Second Iteration (i=1)

``````j=0 : wt[j] <= i is satisfied. (wt = 1, i = 1)
Thus, dp = max(dp,dp[1-1]+val) = max(0,0+40)=40.

j=1 : wt[j] <= i not satisfied. (wt = 2, i = 1)
j=2 : wt[j] <= i not satisfied. (wt = 5, i = 1)
j=3 : wt[j] <= i not satisfied. (wt = 3, i = 1)
dp array after Second iteration = [0,40,0]
``````

Third Iteration (i=2)

``````j=0 : wt[j] <= i is satisfied. (wt = 1, i = 2)
Thus, dp = max(dp,dp[2-1]+val) = max(0,40+40)=80.

j=1 : wt[j] <= i is satisfied. (wt = 2, i = 2)
Thus, dp = max(dp,dp[2-2]+val) = max(80,0+30)=80.

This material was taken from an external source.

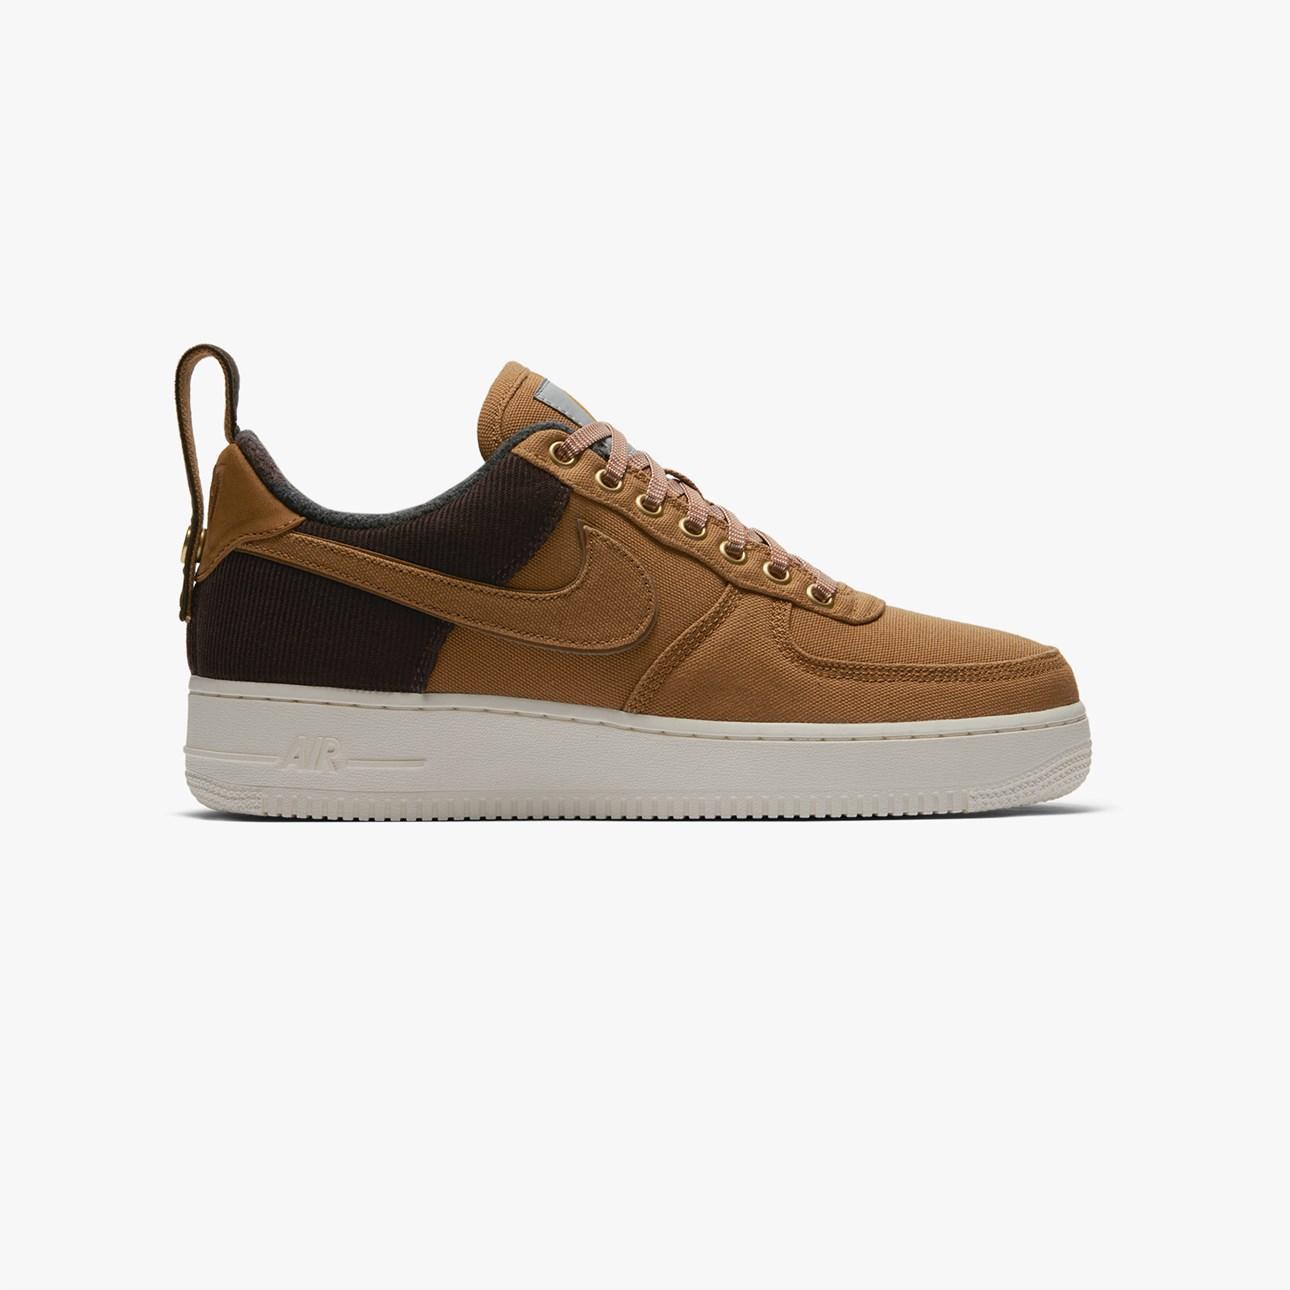 Nike Sportswear Air Force 1 07 Premium x Carhartt WIP

j=2 : wt[j] <= i not satisfied. (wt = 5, i = 2)
j=3 : wt[j] <= i not satisfied. (wt = 3, i = 2)
Final dp array = [0,40,80]
``````

Now, since i = W (knapsack capacity), our iteration would stop. So, the maximum profit that we can achieve is dp = 80. By using item 1 two times, as it has weight = 1 and profit = 40.

### Complexities

• Time complexity: `Θ((W+1)*N)`. As we can take all items multiple number of times, we check all of them(1 to N) for all weights from 0 to W. Hence, time complexity = (W+1) * N.
• Space complexity: `Θ(W+1)`. We maintain a dp array of size W+1, where dp[i] denotes the maximum profit for capacity i. Hence, space complexity = W+1

Here, W = Knapsack Capacity, N = No. of items.

### Implementations

We provide the Dynamic Programming implementation in three languages C++, Python and Java.

Implementation in C++:

``````    #include <bits/stdc++.h>
using namespace std;
long int UnboundedKnapsack(long int Capacity,long int n, long int weight[],long int val[]){
long int dp[Capacity+1];
for(int i=0;i < W+1;i++){
dp[i]=0;
}
for(int i=0;i < W+1;i++){
for(int j=0;j < n;j++){
if(weight[j] < i){
dp[i] = max(dp[i], dp[i-weight[j]] + val[j]);
}
}
}
return dp[Capacity];
}
int main(){
//  The no. of items :
long int n = 4;
//  Weights of all the items :
long int weight = {5 , 10, 8, 15};
//  Enter values of all the items :
long int val = {40, 30, 50, 25};
// Enter the knapsack capacity :
long int Capacity = 120;
cout << "The maximum value you can achieve in Unbounded Knapsack is: " << UnboundedKnapsack(W,n,wt,val);
return 0;
}
``````

Implementation in Python:

``````# Unbounded Knapsack Problem
def UnboundedKnapsack(Capacity,n,weight,val):
dp=[]
for i in range(Capacity+1):
dp.append(0)
for i in range(0,Capacity+1):
for j in range(0,n):
if weight[j] < i:
dp[i] = max(dp[i] , dp[i-weight[j]]+val[j])
return dp[Capacity]
''' No. of items '''
n = 4
''' Weights of all items '''
weight = [5,10,8,15]
''' Values of all items '''
val = [40,30,50,25]
''' Capacity of Knapsack '''
Capacity = 120
print("The maximum value possible is ",UnboundedKnapsack(Capacity,n,weight,val))
``````

Implementation in Java:

``````import java.io.*;
import java.util.*;
import java.text.*;
import java.math.*;
import java.util.regex.*;
public class Solution {
public static int unboundedKnapsack(int Capacity,int n, int weight[],int val[]){
int[] dp = new int[Capacity+1];
for(int i=0;i < Capacity;i++){
dp[i]=0;
}
for(int i=0;i < Capacity;i++){
for(int j=0;j < n;j++){
if(weight[j] < i){
dp[i]=Math.max(dp[i],dp[i-weight[j]]+val[j]);
}
}
}
return dp[Capacity];
}
public static void main(String[] args) {
// No. of items
int n = 4;
// Values(Profits) of items
int val[] = {40,30,50,25};
// Weight of items
int weight[] = {5,10,8,15};
// Knapsack capacity
int Capacity = 120;
System.out.println("Maximum value that can be achieved is: "+unboundedKnapsack(Capacity,n,weight,val));
}
}
``````

## Question

#### You have 3 items with weights 12, 20 and 15 respectively. The profits associated are 40, 60 and 50 in the same order. What is the maximum possible profit if knapsack capacity is 45 ?

150
145
160
140
We can choose the third item 3 times. So, our profit = 50*3=150.